The documentary evidence establishes that the order directing that the claimant “requires lower bunk accommodations” was from Dr. J. Mitchell, not Dr. Thebaud. Dr. Thebaud’s testimony that he issued the order was in my view unworthy of belief. His testimony as to the reasons why he would have issued such an order was irrelevant, since he did not in fact issue the order.
At the trial, deposition testimony of Dr. Mitchell, who signed the order, was read into evidence. She noted in her testimony that a seizure could be caused by something other than a seizure disorder. If an inmate had a seizure without a documented history of prior seizures, that would not be considered a seizure disorder but would still require assignment to a lower bunk. It is clear from the record that it is the policy of Arthur Kill to place inmates with seizures in lower bunks.
Dr. Mitchell’s order was dated March 13, 2000 and stated that the “inmate requires lower bunk accommodations.” That order was not implemented. Dr. Mitchell testified that she knew of no reason why her order was not implemented. The order did not state the reason why it was issued, and there was no language in the order indicating that its implementation could be delayed. There is no evidence that Arthur Kill employees charged with the ministerial duty of implementing the order were given any information as to why the order was issued and/or any discretion to delay its implementation.

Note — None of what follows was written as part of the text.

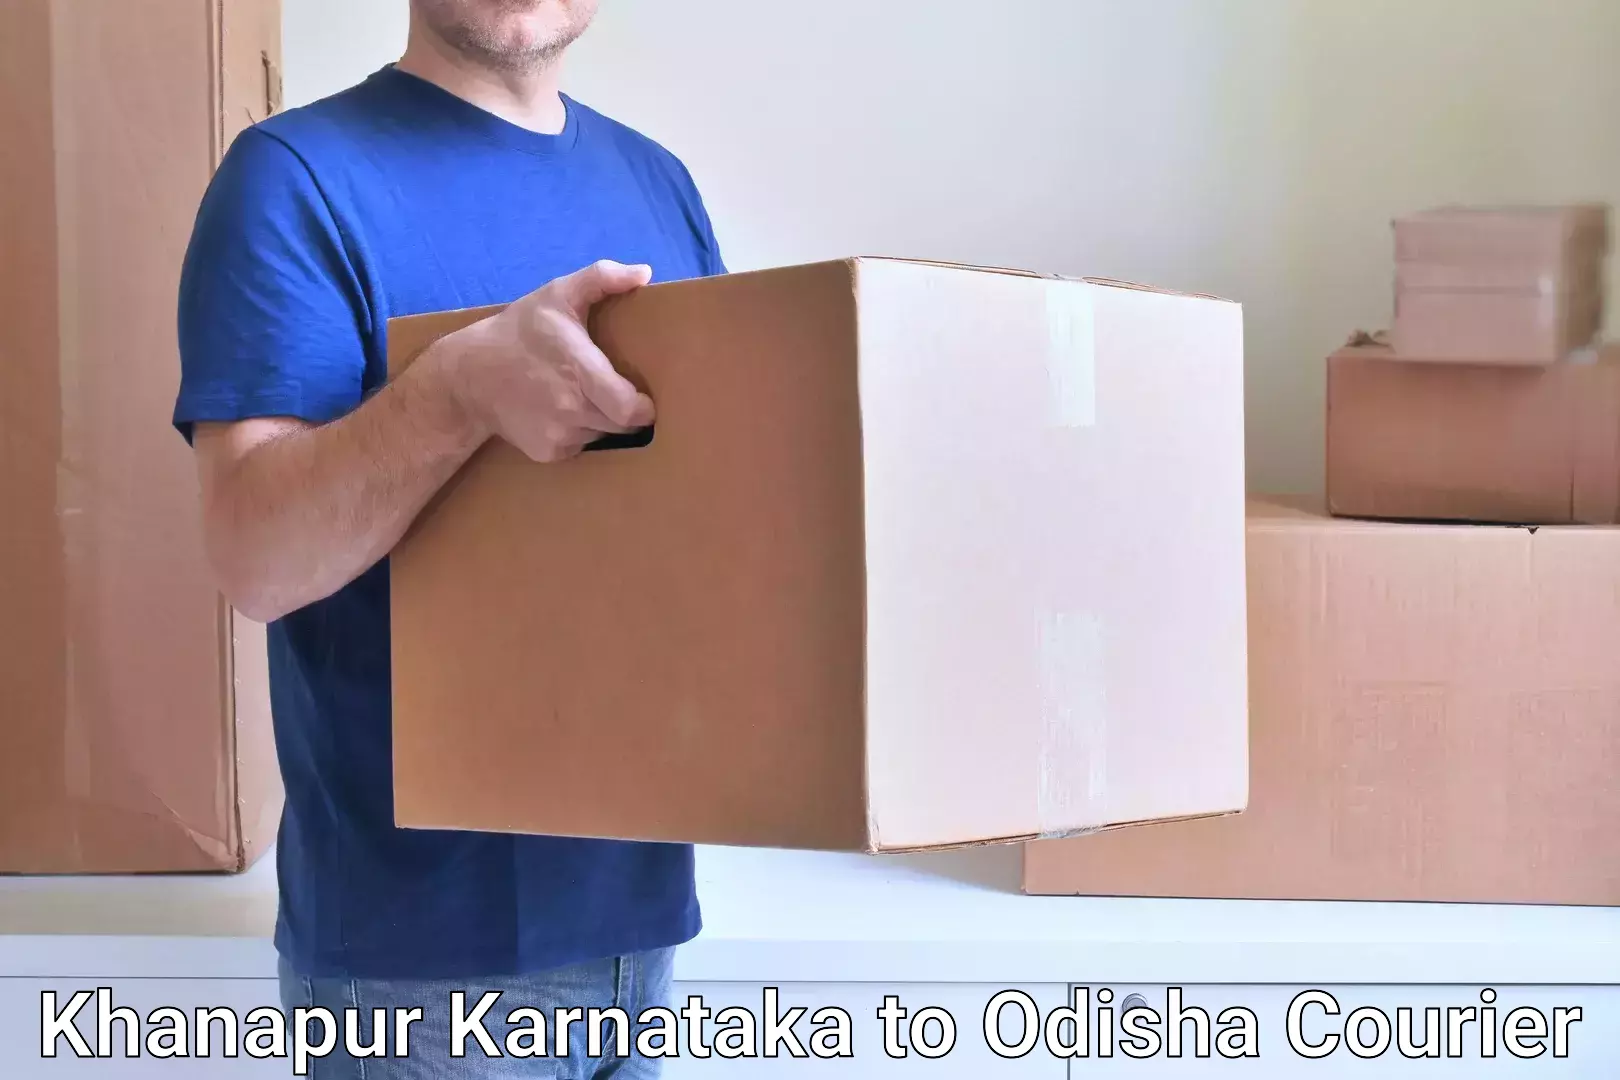 Courier tracking online Khanapur Karnataka to Patkura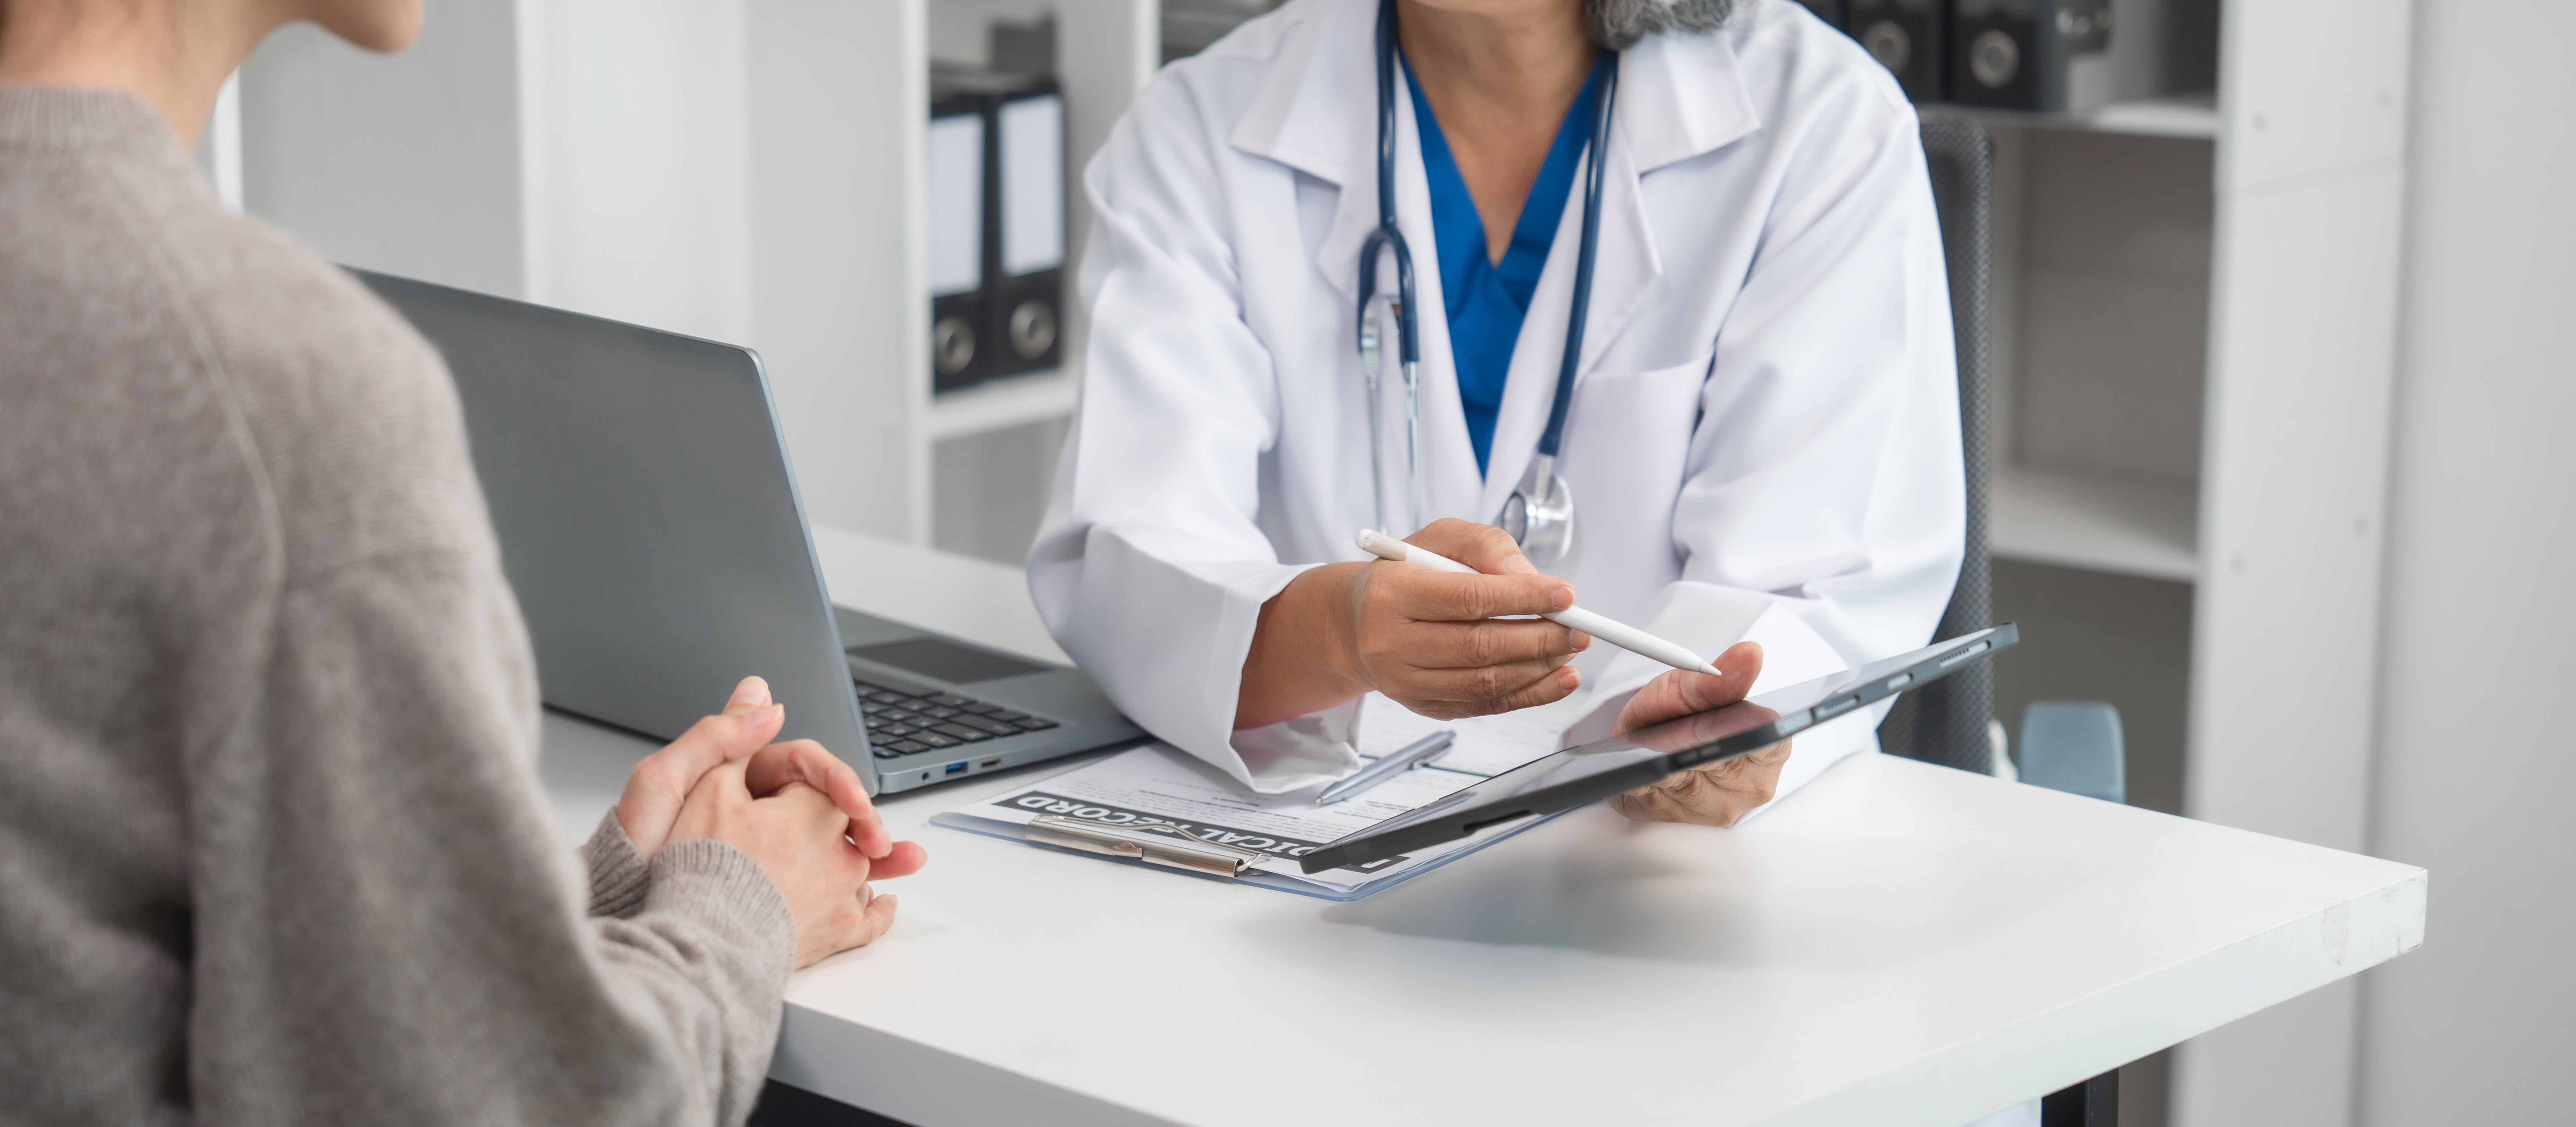 Ärztin spricht mit einer Patientin am Schreibtisch und hält dabei ein Tablet.

On March 14, 2000 the claimant again fell out of his upper bunk and sustained serious injuries. Again, the claimant reported that the fall was caused by a seizure. This time, the claimant stayed in the infirmary overnight and dilantin was prescribed for seizures.
The claimant filed a claim against the State of New York alleging negligence in failing to transfer him to a lower bunk after his fall on March 11, 2000. After a nonjury trial, the claim was dismissed on the ground that the claimant “failed to meet his burden of establishing by a fair preponderance of the cred*505ible evidence that the likelihood of his suffering a seizure was reasonably foreseeable” at the time of the accident on March 14, 2000.
Where, as here, a case is tried without a jury, “this Court’s power to review the evidence is as broad as that of the trial court” (Bubba’s Bagels of Wesley Hills, Inc. v Bergstol, 18 AD3d 411, 412 [2005]). This Court may render a judgment it finds warranted by the facts, taking into account in a close case the fact that the trial judge had the advantage of seeing the witnesses (see Northern Westchester Professional Park Assoc. v Town of Bedford, 60 NY2d 492, 499 [1983]; Matter of Allstate Ins. Co. v Albino, 16 AD3d 682, 683 [2005]; Greenhill v Stillwell, 306 AD2d 434 [2003]).
It is apparent from the claimant’s medical records that it was reasonably foreseeable that the claimant would suffer a seizure. Further, it is clear from the record that allowing the claimant to remain in an upper bunk violated the defendant’s own practice and procedures and the directives of its own medical personnel.
“[T]he scope of the State’s duty to protect inmates is limited to risks of harm that are reasonably foreseeable” (Sanchez v State of New York, 99 NY2d 247, 253 [2002]; see Basso v Miller, 40 NY2d 233, 241 [1976]). Moreover, “[although the precise manner in which the harm occurred need not be foreseeable, liability does not attach unless the harm is within the class of reasonably foreseeable hazards that the duty exists to prevent” (Sanchez v State of New York, supra at 252; see Di Ponzio v Riordan, 89 NY2d 578, 583 [1997]). The existence of the policy to assign lower bunks to inmates suffering from seizures is proof that the defendant actually foresaw the risk that an accident would occur in the manner in which it occurred.
Since it is clear from the record that the defendant violated its own practices and procedures enacted to avoid the foreseeable event that the claimant would fall again, the determination in favor of the defendant is not supported by the evidence.